Chalamet already has proven he can handle anything thrown his way, from Wonka to, now, Bob Dylan. That he not only got out of this assignment alive but is being feted for his understated and canny performance is easily worth a nomination.
Domingo’s performance in the tiny film “Sing Sing,” about a prison theater program, is worthy on its own merits. But his insistence that the film adopt a profit-sharing model where everyone who worked on the film got a stake in its earnings makes it impossible not to root for him – and “Sing Sing.”
Elsewhere, put “Anora” on your watch list. Haven’t heard of it? Neither had I – or so I thought, until I realized I’ve seen the trailer before every movie Denver Film has screened for seemingly for the past 32 years. This is the one about a young Brooklyn sex worker who meets and impulsively marries the party-boy son of a Russian billionaire, setting off a “Romeo and Juliet”-worthy parental chase to annul the marriage. It is No. 2 in the best-picture chase, and Mikey Madison (perhaps you saw her in the FX comedy series “Better Things”?) is presently the favorite to win for best actress.
That would be a bummer for me because my heart, blood and guts are all-in for Demi Moore’s audacious, brave (insert all the adjectives here) performance in “The Substance.” That’s a dystopian, cautionary tale that imagines a near-future where you can generate a younger, more beautiful you with a single shot. (What could go wrong?) I called the film part “Severance,” part “King Kong,” part “The Picture of Dorian Gray,” part “Faust,” part … you get the idea. All making for a completely original film unlike anything you’ve seen before. It’s beautiful. Gross. Unflinching. Disturbing. Neither feminist nor misogynistic. (A little of both.) A brutal treatise on self-hatred and condemnation of disposable Hollywood. But, above all: Demi Moore is astonishing. Badass. Fearless. Horrifying. Incredible. I hated it. I loved it. I hated it. Give her the Oscar.
Also essential on your watch list should be “Emilia Pérez,” because everyone is calling Zoe Saldaña the frontrunner for supporting actress. The film is described as a genre-defying fever dream that follows the journeys of four women in Mexico, each pursuing their own happiness. Saldaña plays an unappreciated lawyer stuck in a dead-end job who is enlisted by a fearsome cartel leader (Karla Sofía Gascón) to help fake her death.
As for supporting actor, you should take in “A Real Pain” to catch Kieran Culkin in Jesse Eisenberg’s comedy about feuding cousins who reunite for a tour through Poland to honor their grandmother. Culkin is sitting pretty atop that Oscars leaderboard.
That’s 10. And while I may be the only person in the world who has yet to see “Wicked” (hey, I’ve been busy), you and I should probably both get off our broomsticks and see it already. Part 1 will be among the (up to) 10 best-picture nominees.
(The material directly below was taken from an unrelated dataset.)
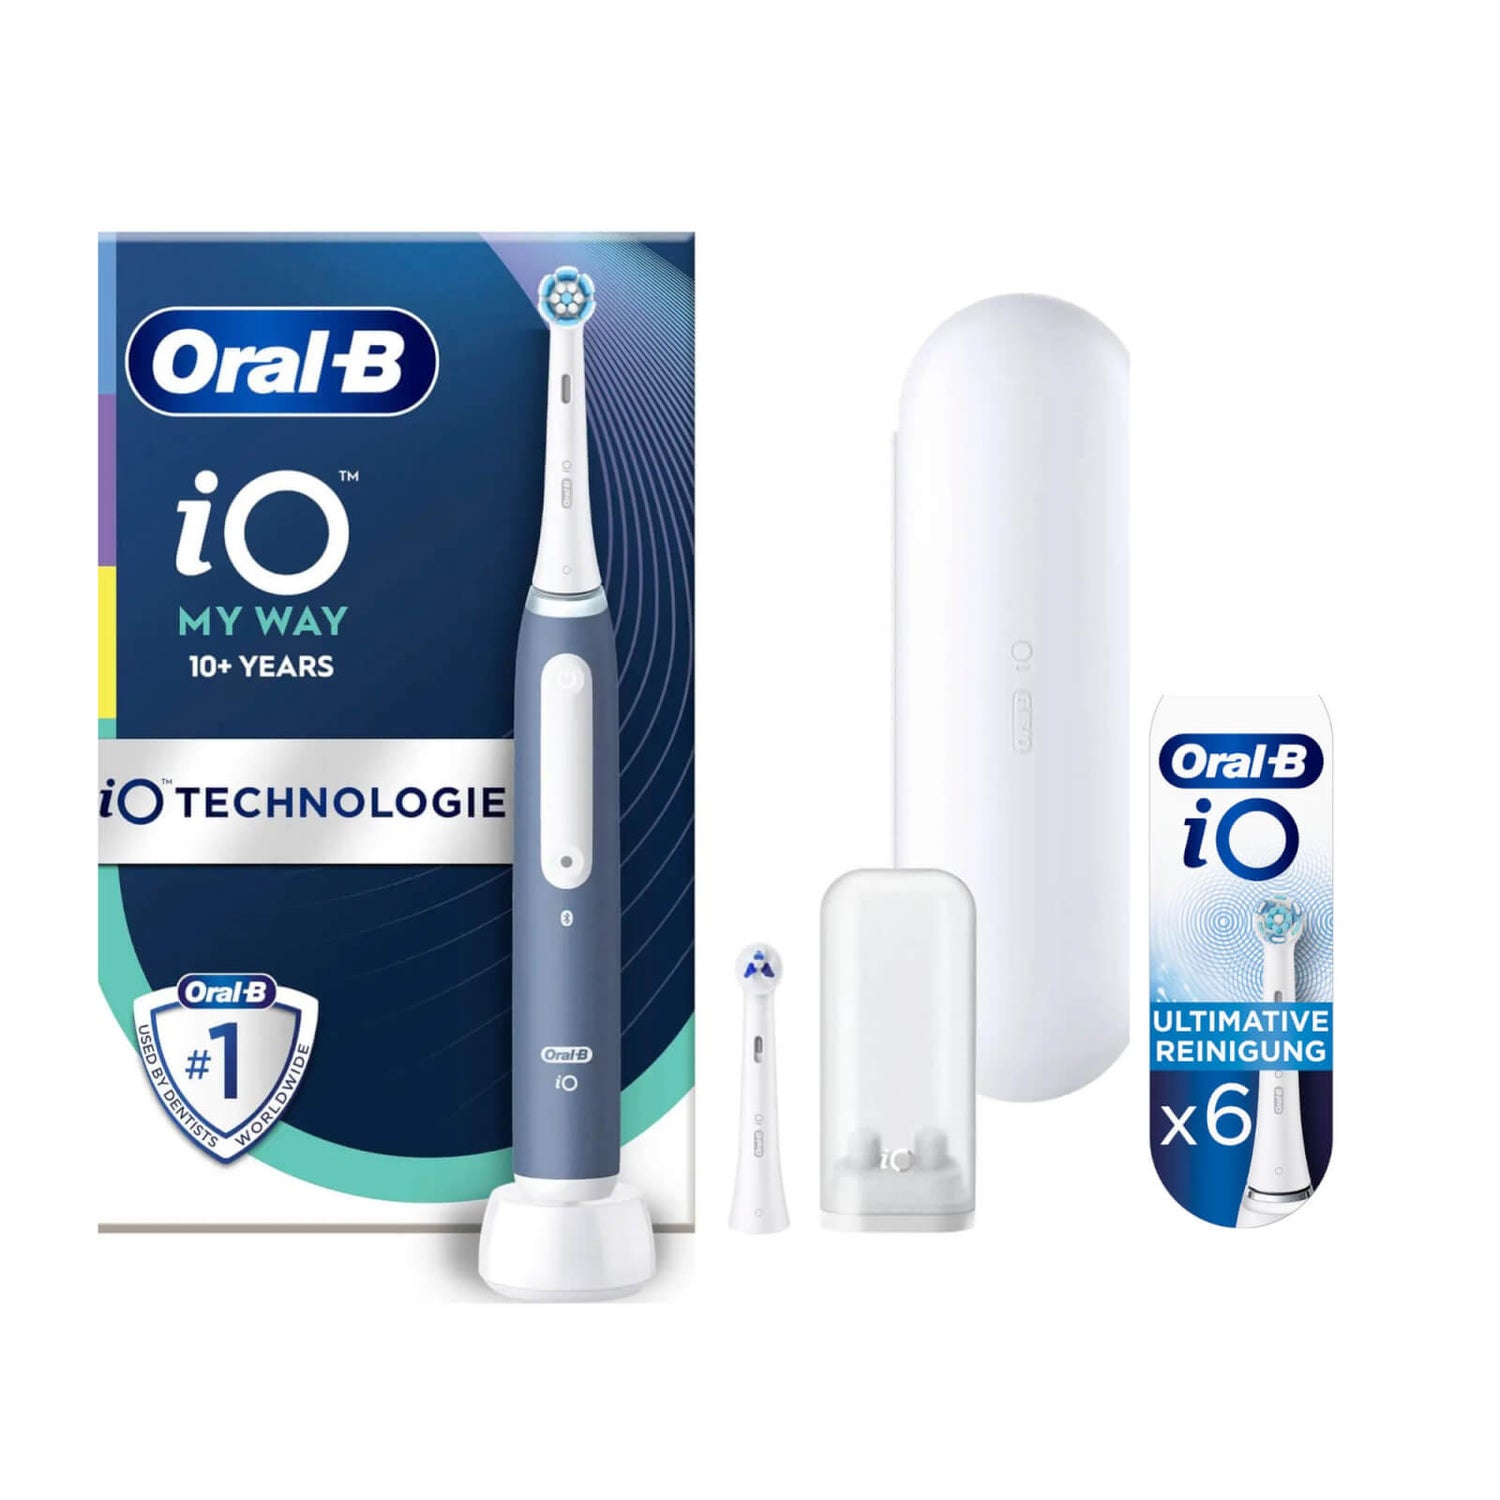 Oral-B iO My Way Elektrische Zahnbürste ab 10 Jahren, 4 Putzmodi, extra Aufsteckbürste für Zahnspange, 1 Reiseetui, ocean blue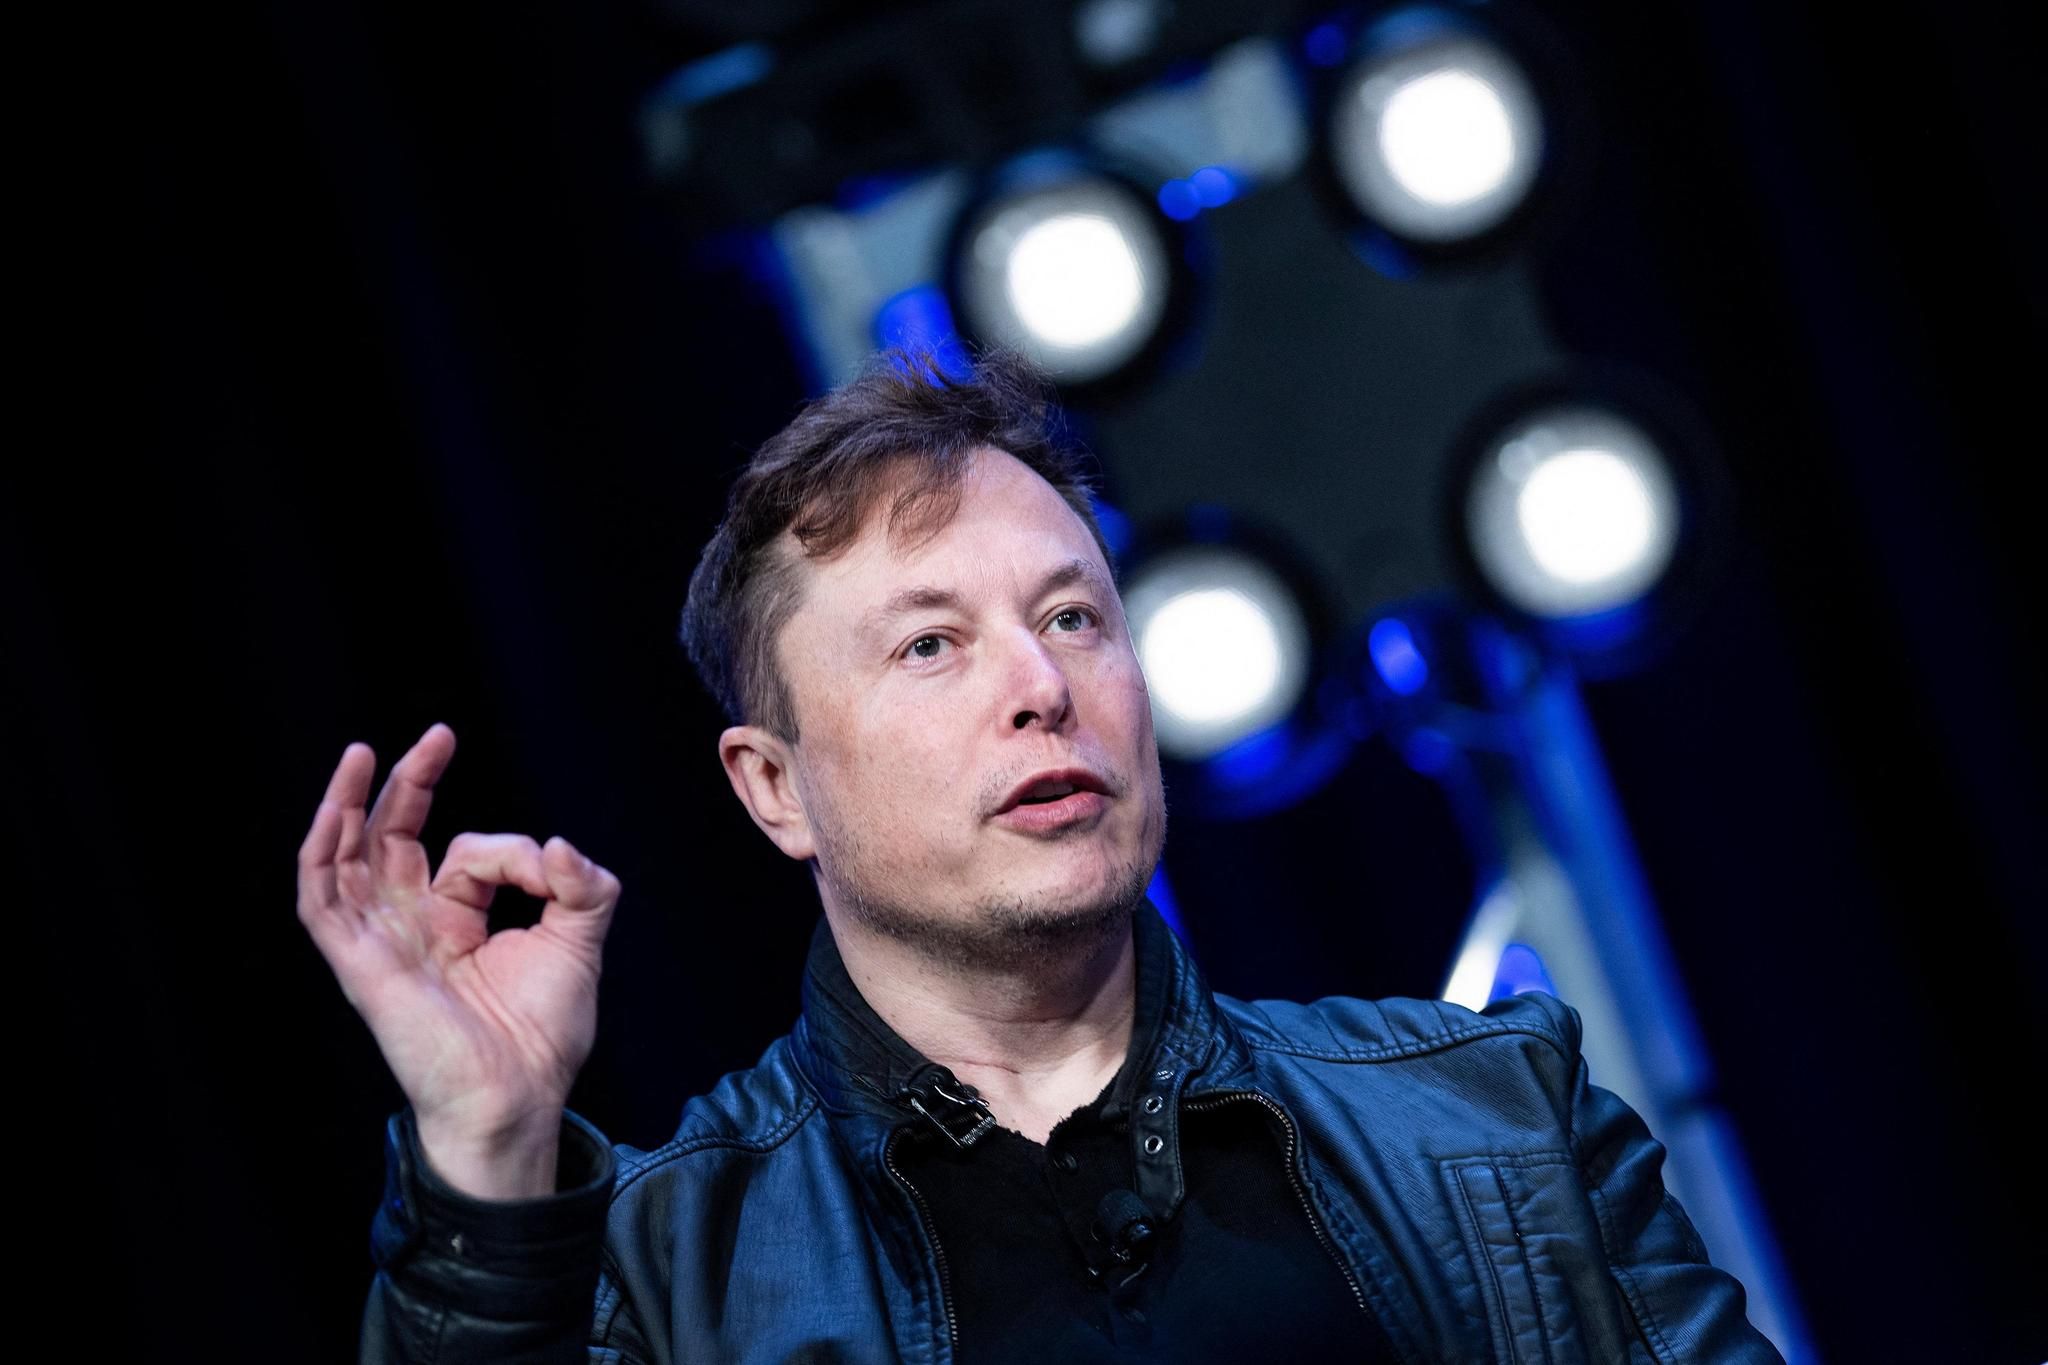 Elon Musk en visite à l'usine Tesla de Berlin après son sabotage

It will almost certainly win for costume design and production design, and it should land at least nominations for Cynthia Erivo (lead actress), Ariana Grande (supporting actress), makeup and hairstyling, score and visual effects.
As for best picture: Gold Derby’s top 5, in order, going into next week’s nominations are “The Brutalist,” “Anora,” “Conclave,” “Emilia Pérez” and “Wicked,” followed by “Dune: Part Two,” “A Complete Unknown,” “The Substance,” “A Real Pain” and “Sing Sing.”
And here’s hoping for a little nomination love for Edward Norton, who uncannily played banjo-playing Pete Seeger in “A Complete Unknown” – but only after Benedict Cumberbatch dropped from the project.
Wrote Kate Mossman for The New Statesman: “Edward Norton is astonishing as Seeger, who gave Dylan a lot of early breaks and is painted as something of a father figure. You feel his soul in those kind but slightly wincey, paternal-but-rather-conflicted eyes.”
After the nominations are announced Jan. 23, the Academy will conduct final voting from Feb. 11-18. ABC will then broadcast the 97th Oscars starting at 5 p.m. Sunday, March 2.